Get ready to get sick and tired of hearing about old people.
If you haven’t already had your fill of media attention — newspaper articles, magazine pieces, TV features, advertisements, political speeches — being devoted to the concerns of senior citizens, you probably will reach your limit in coming months or years.
We are in the age of aging baby boomers, a demographic bubble of children from the 1950s — like me — that has dominated every facet of U.S. society as they passed through the various phases of their lives.
Our concerns tend to become the nation’s concerns, and to name a few now getting more than their due attention: Alzheimer’s disease, nursing homes, erectile disfunction, anti-wrinkle skin creams, pain pills, living wills, funeral costs, aids for short-term memory loss, canes, hearing aides, old-age sex. It started over the last five years and will escalate.

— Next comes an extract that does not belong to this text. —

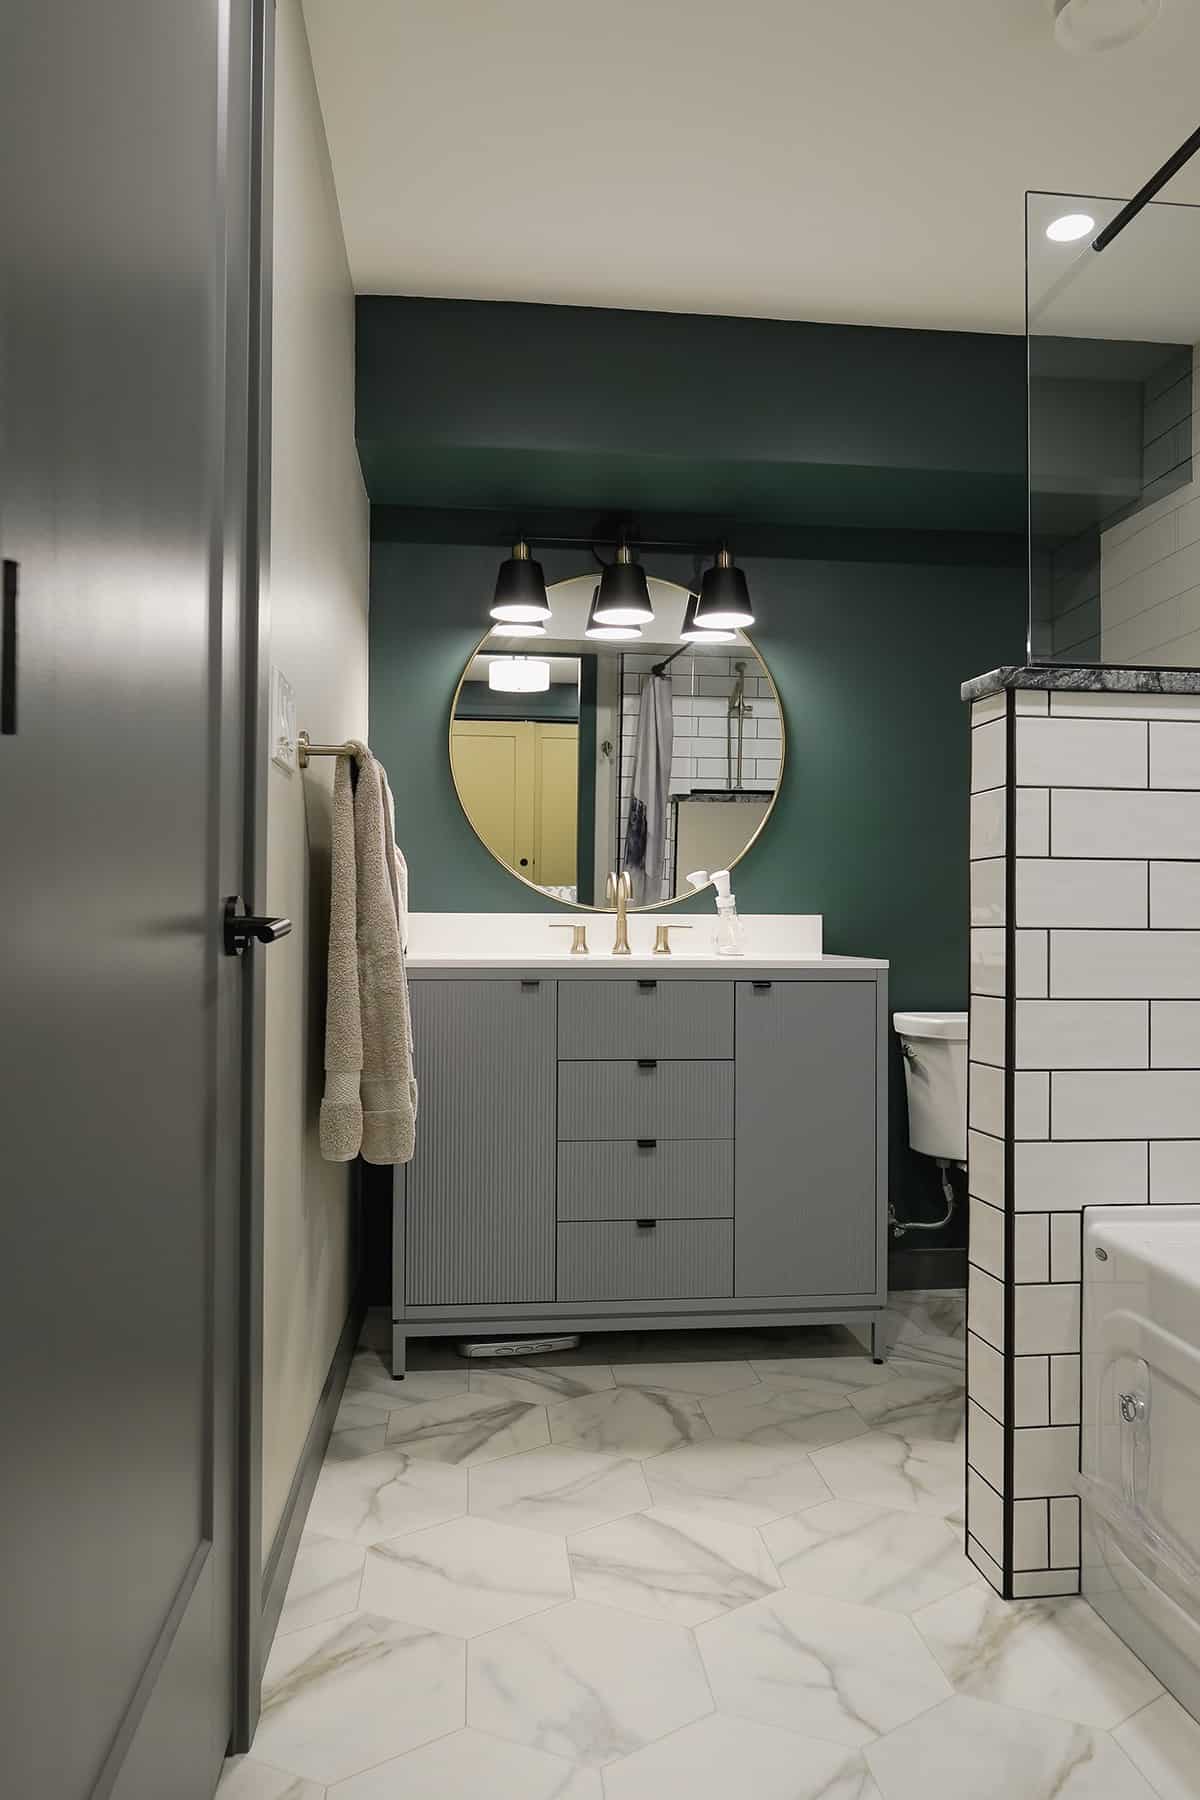 linoleum in bathroom with grey vanity and rich green walls

Of course, as a boomer, I saw this coming six or seven years ago while planning to pursue my dream of writing the “great America novel.”
I thought people around my age, who had shown themselves always ready to read or watch anything about themself, might enjoy — and spend big bucks to read — a story featuring empty nesters rediscovering their love for each other while chasing down a murder mystery.
I was wrong (at least according to rejection letters form several dozen literary agents and small publishers, not to mention limited sales of my self-published novel, “This Point in Time,”) — or was I just ahead of my time?
Some Hollywood types evidently saw something similar a few years ago and put out a movie, “Hope Springs,” that centered on an aging couple (played by aging thespian legends Meryl Streep and Tommy Lee Jones) rediscovering their love for each other. Rather than a mystery investigation or other actual plot device, their vehicle for this journey was couples therapy, and it was incredibly boring.
The movie apparently was moderately successful. But it did not immediately spark any big trend, mostly because boomers, while historically narcissistic, are not the big spenders that young folk are on entertainment offerings.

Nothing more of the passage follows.